The response should be an exact transcription of the data below, free of images.

Start of PROVIDED MATERIAL

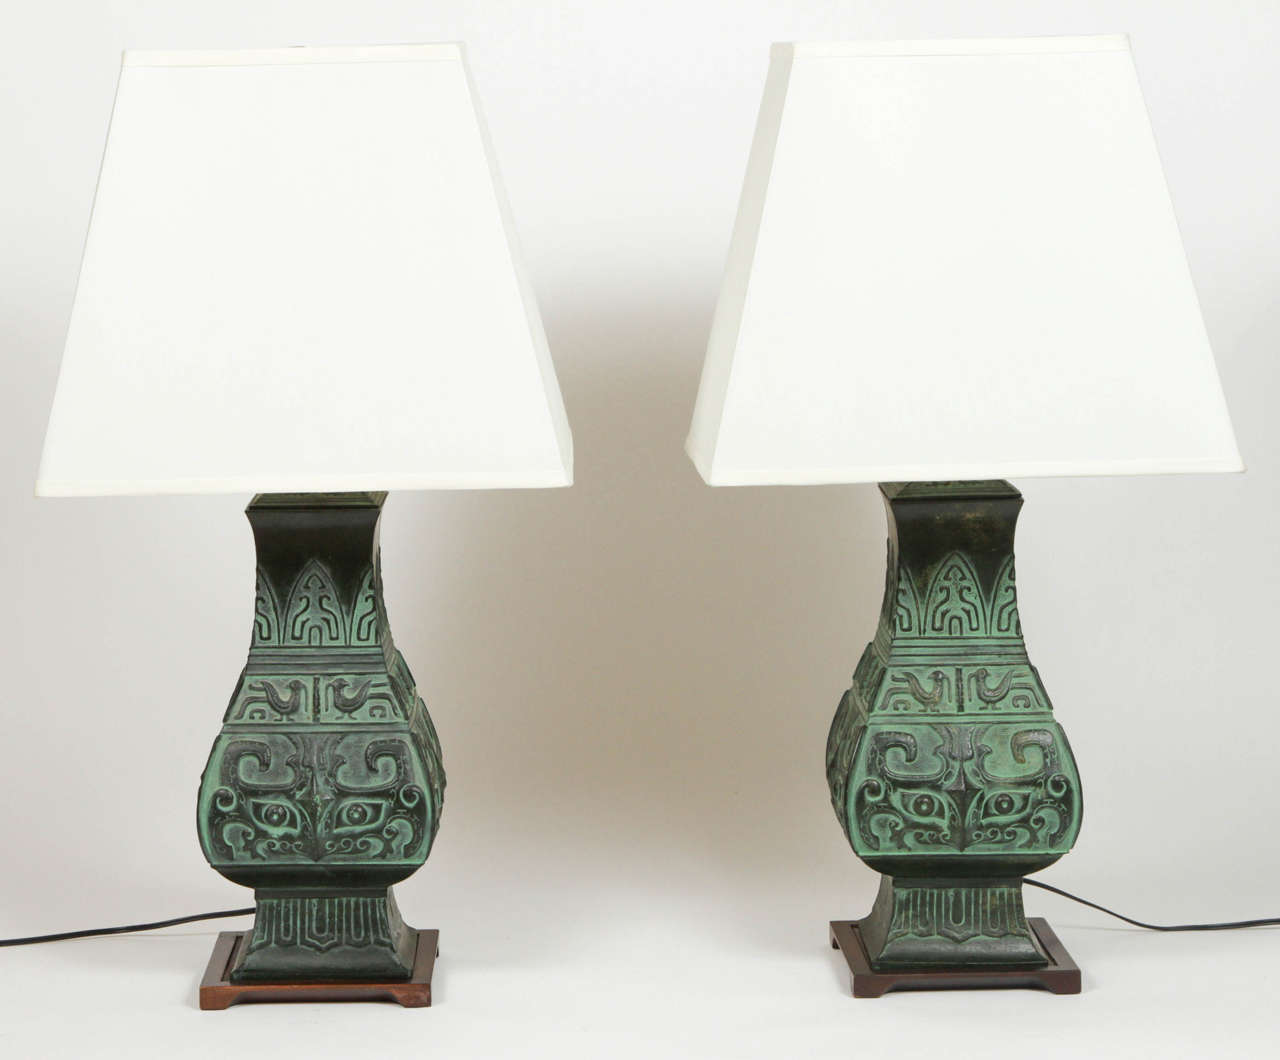 Pair of Archaic Chinese lamps with new silk shades. 
Shades measure 16 wide x 12 deep x 13.5 high (at widest point). 
Wood base.
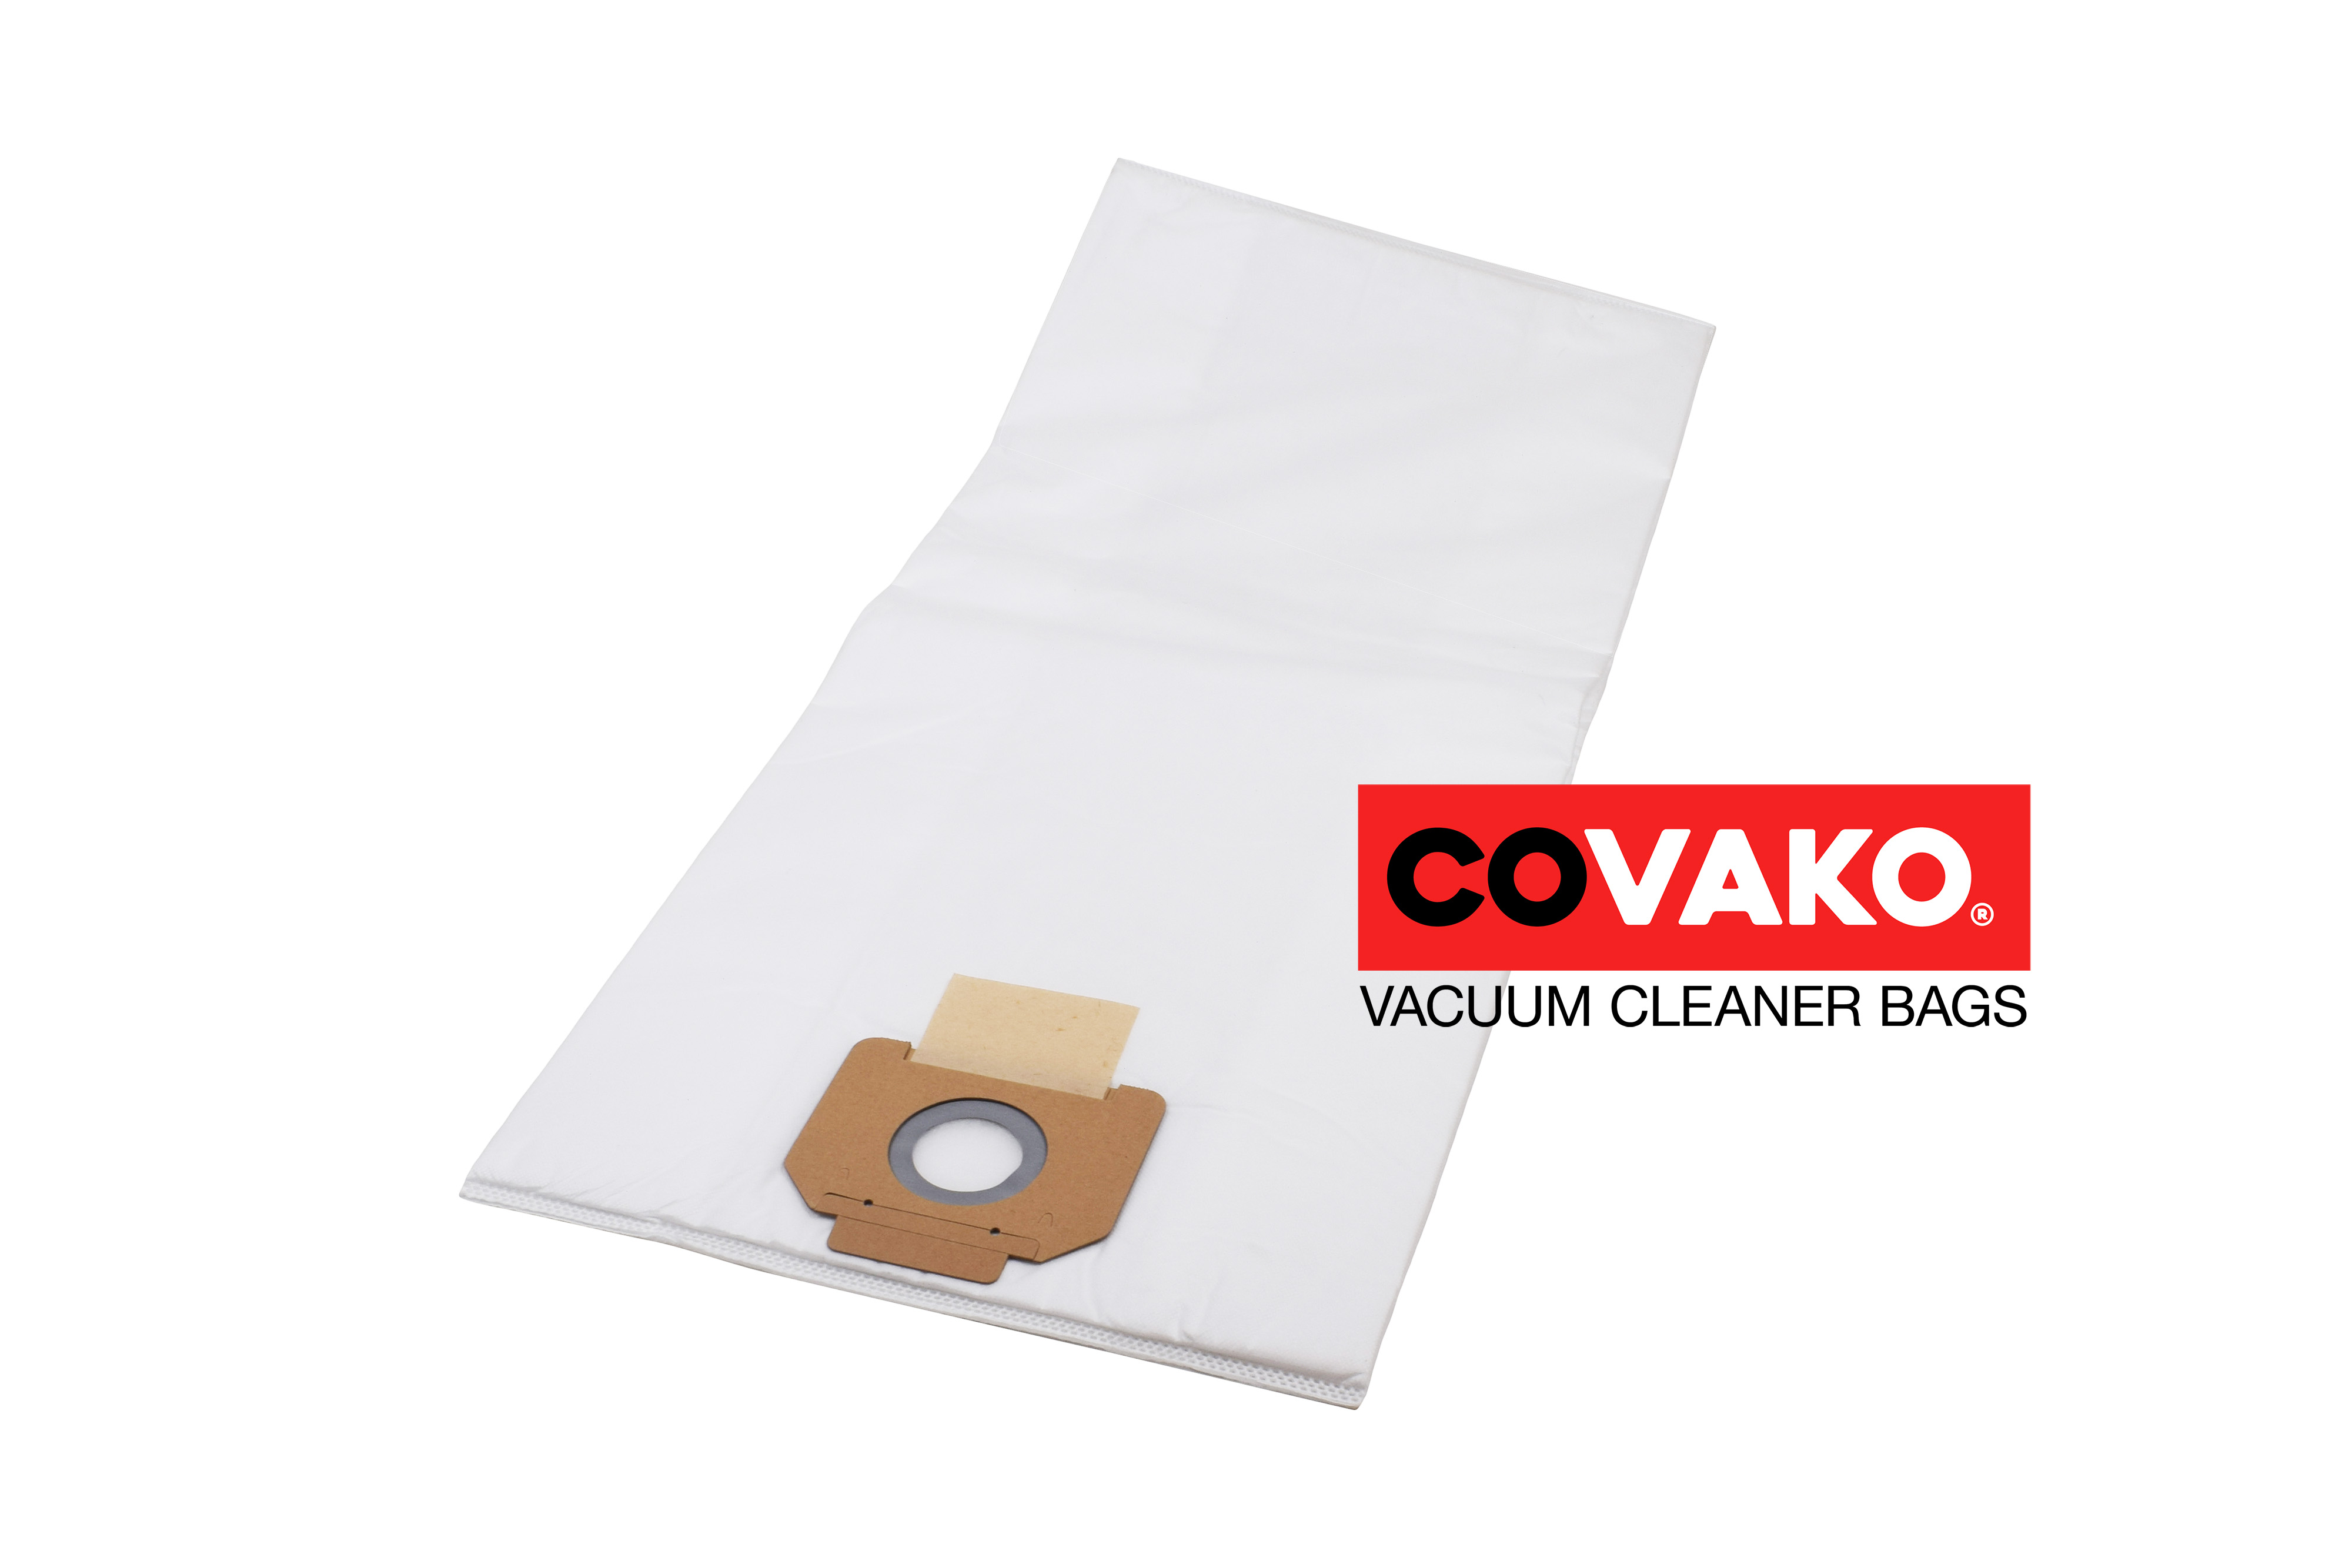 DiBo Windly 440 M IPC / Synthesis - DiBo vacuum cleaner bags

End of PROVIDED MATERIAL

SOLVED EXERCISE:
 Pair of Archaic Chinese lamps with new silk shades. 
Shades measure 16 wide x 12 deep x 13.5 high (at widest point). 
Wood base.
 DiBo Windly 440 M IPC / Synthesis - DiBo vacuum cleaner bags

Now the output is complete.